The companies have made money as the housing market has recovered, but in 2012 the Treasury ordered Fannie and Freddie to hand over all of their profits each quarter, meaning they have very little capital on their books to cushion future losses.

“So essentially all of the profits went to repay what they had borrowed, but now they've repaid well over $100 billion more than they borrowed,” Rosner said.

So why are the two companies still under government control? Good old-fashioned Washington gridlock, said Donald Layton, CEO of Freddie Mac.

“Everyone agrees you have to change the system, but there's major political disagreement on what the change should be,” he said. On the more progressive side, Layton said, policymakers believe Fannie and Freddie should continue to have a strong role in the mortgage market and prioritize affordable housing. “On the conservative side, it's ‘shrink them. They should have less role, the market should be more private,’” Layton said. “That debate continues with no resolution in sight yet.”

Layton has worked to shift more of Freddie Mac’s credit risk to private investors. With much higher standards for the mortgages it buys, there’s less of that risk than before the crisis. The system is working well enough that there’s not much urgency in Congress to fix it, said Laurie Goodman, co-director of the Urban Institute’s Housing Finance Policy Center.

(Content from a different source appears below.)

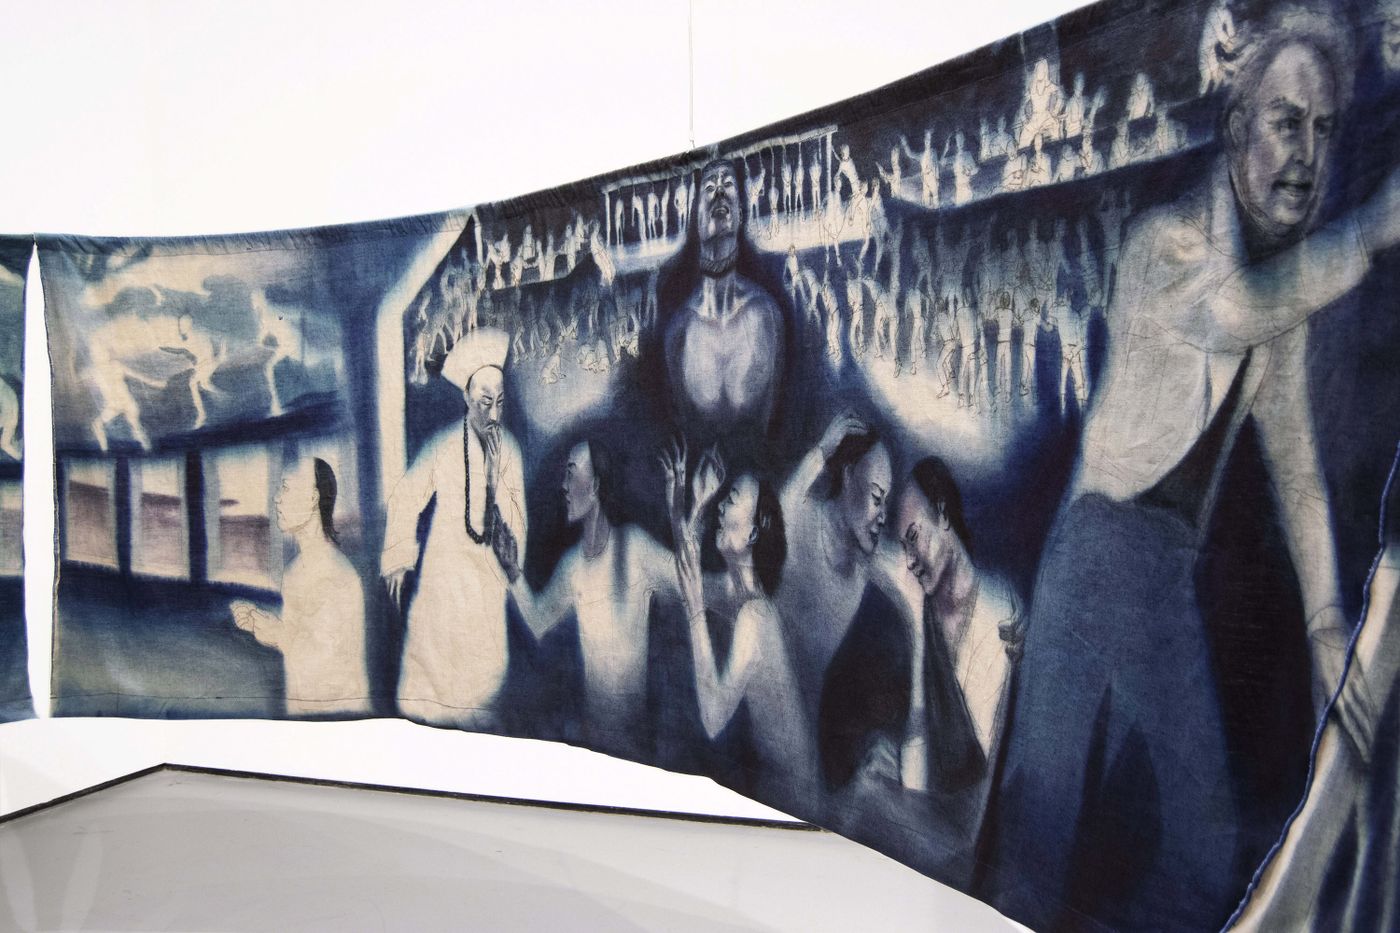 The Robert Browne (interior view), 2022. Fabric dye, charcoal, thread, linen, and steel; 78 x 96 x 168 in., painting dimensions 48 x 420 in. Photo courtesy the artist.

“My view is that we'll be in conservatorship for the balance of my professional life and maybe my personal life as well,” she said. “I expect to be around for a fairly long period of time.”

So much for Henry Paulson’s “time out.”

This story is part of Divided Decade, a yearlong series examining how the financial crisis changed America. 

Clarification (Sept. 7, 2018): This story has been updated to describe NorthMarq Capital as a commercial mortgage banking firm.